* [Assignment] Restate, word for word, the run of lines that starts at the line containing "Montreux Jazz Festival 1984" and ends with the final line of the listing. Leave pictures out.

─── Provided material ───

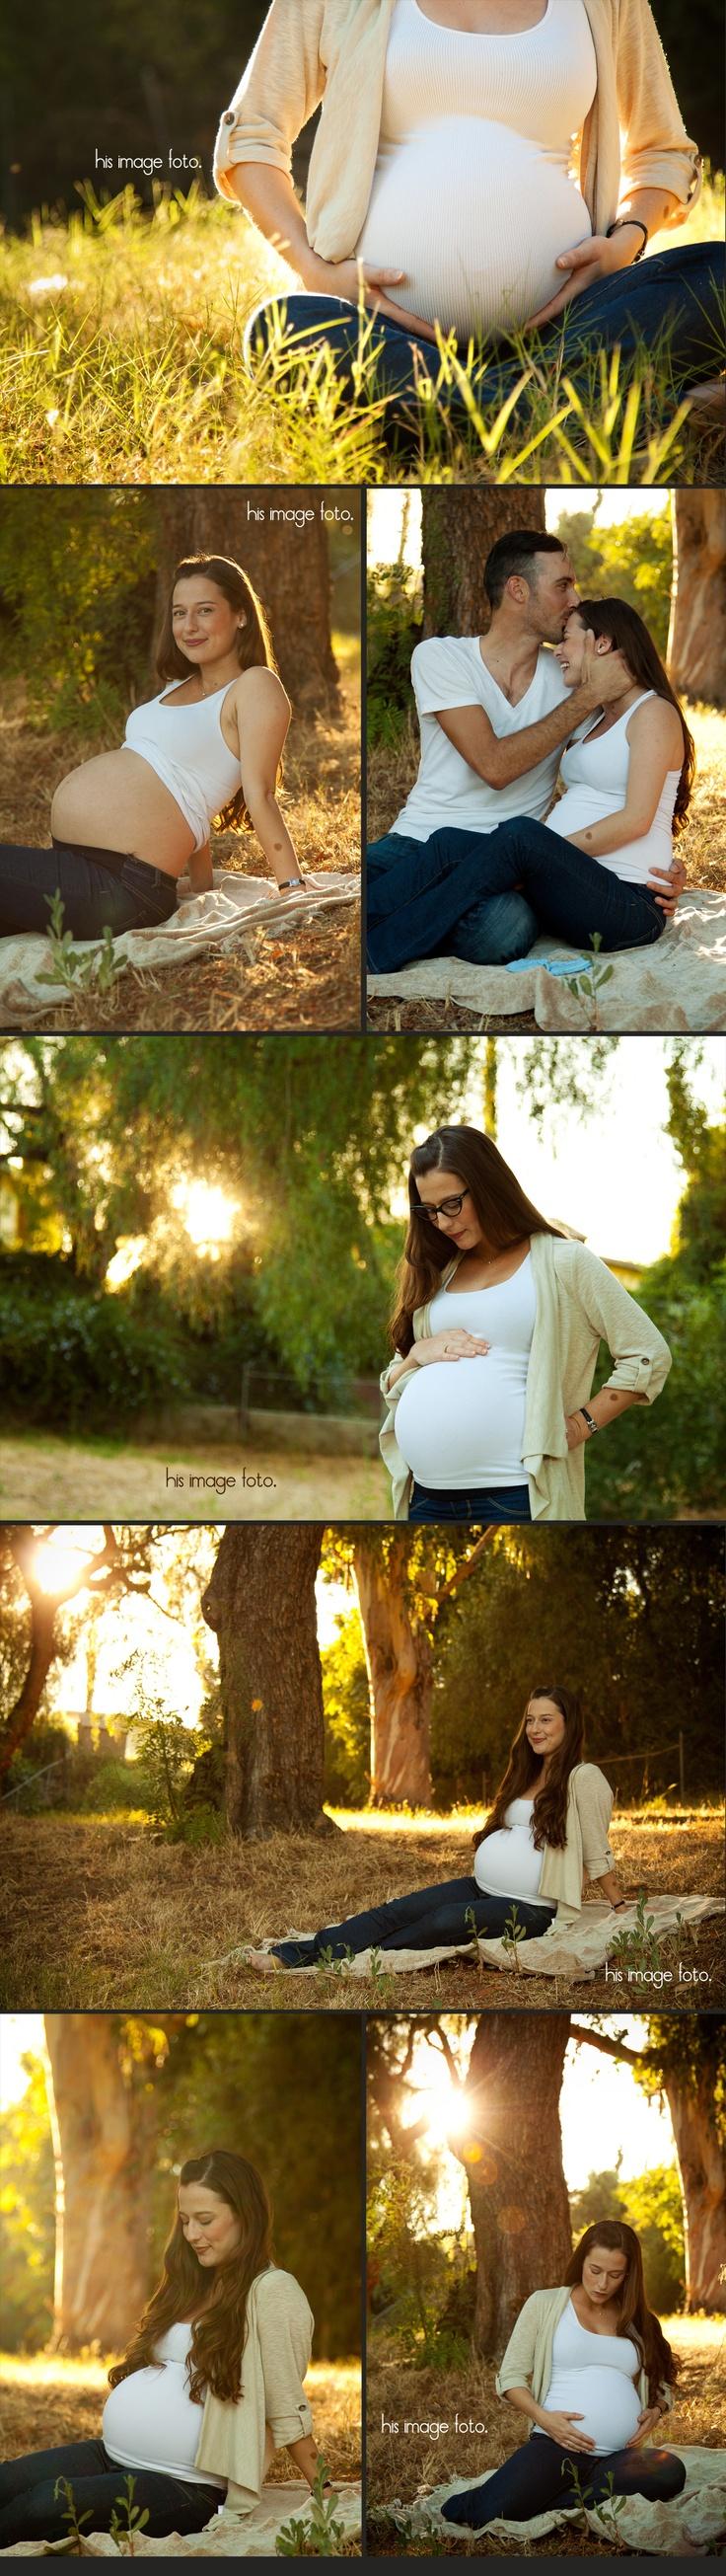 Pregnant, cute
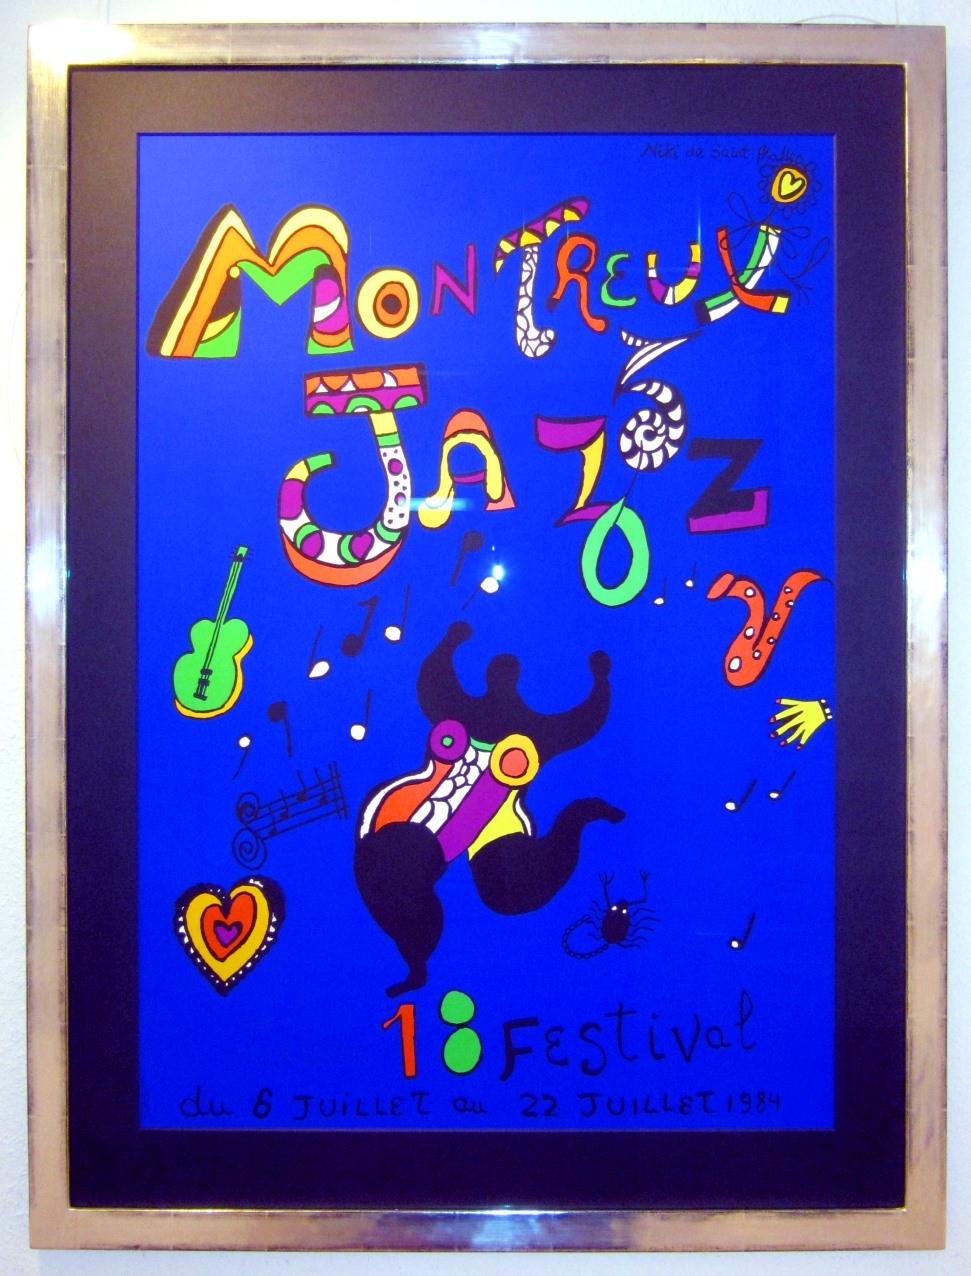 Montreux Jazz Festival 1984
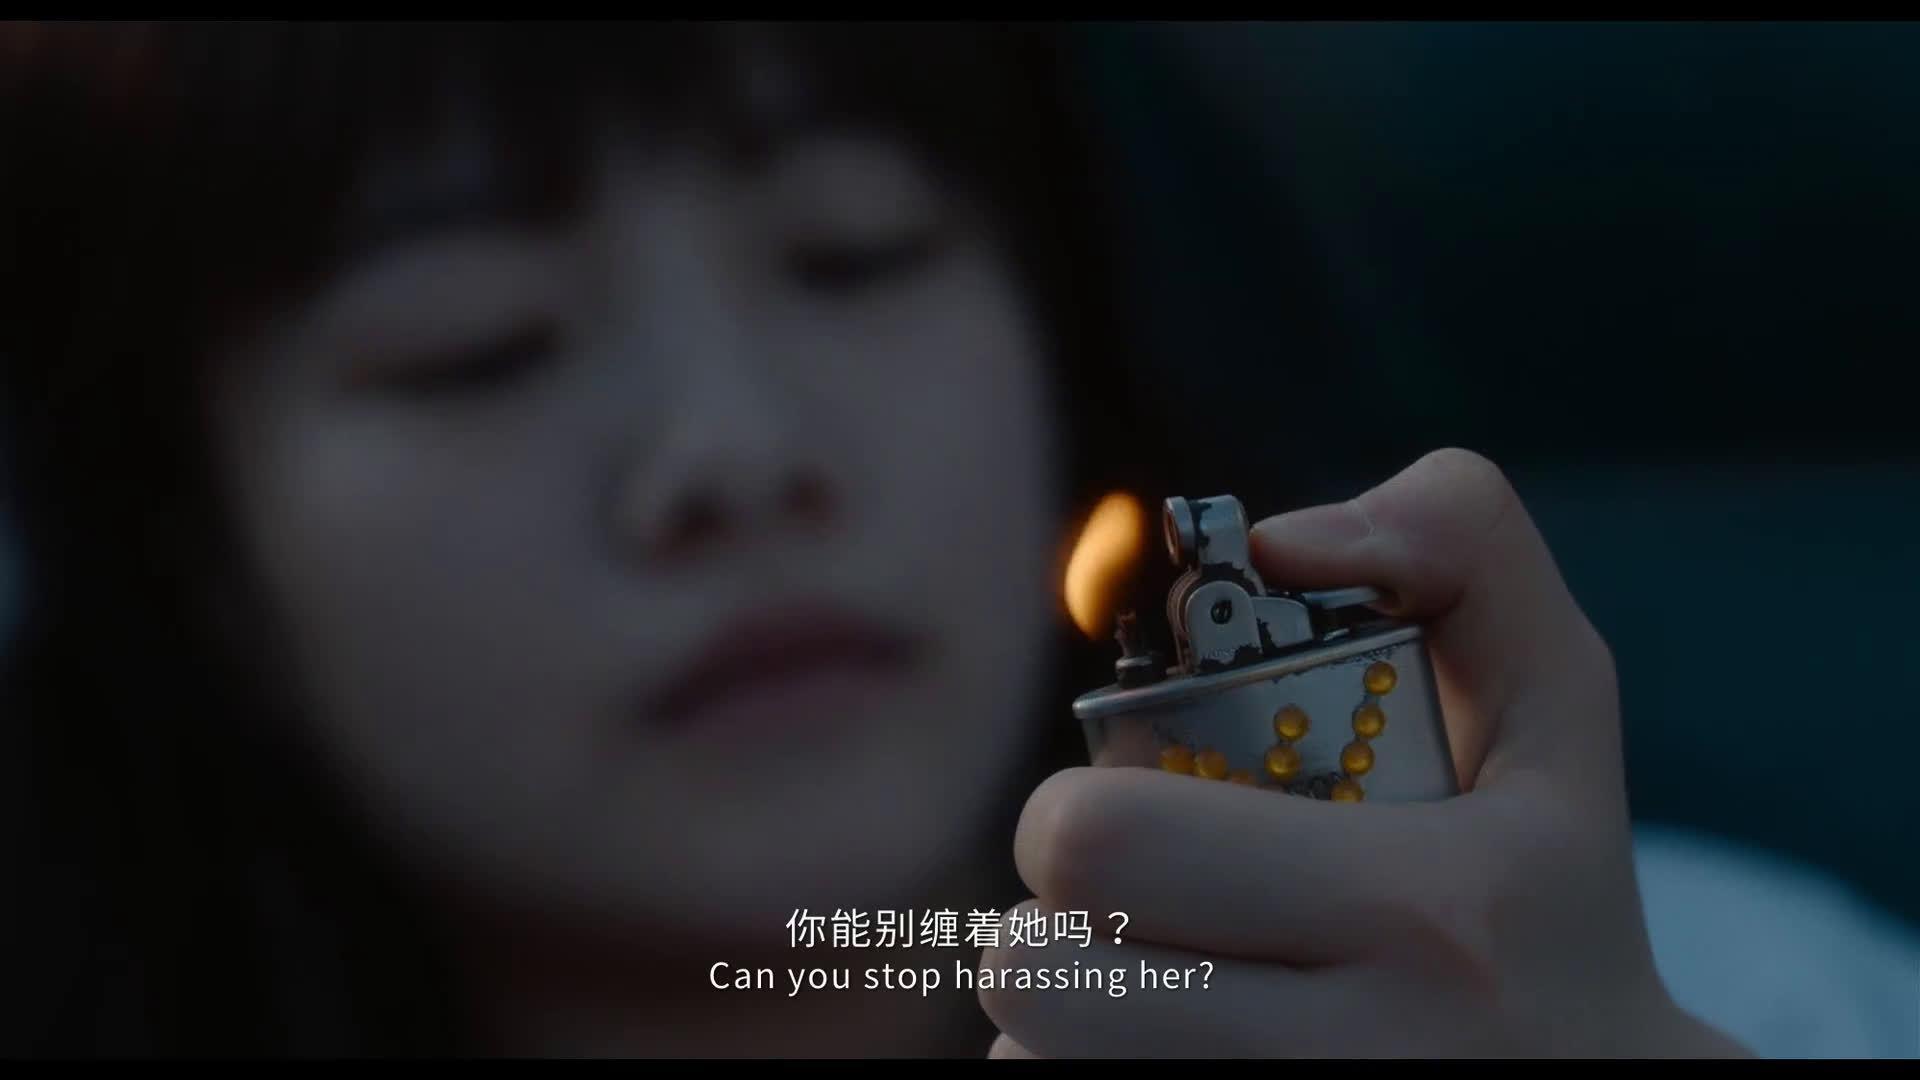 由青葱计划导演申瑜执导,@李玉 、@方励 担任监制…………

───

* [Written reply]
 Montreux Jazz Festival 1984
 由青葱计划导演申瑜执导,@李玉 、@方励 担任监制…………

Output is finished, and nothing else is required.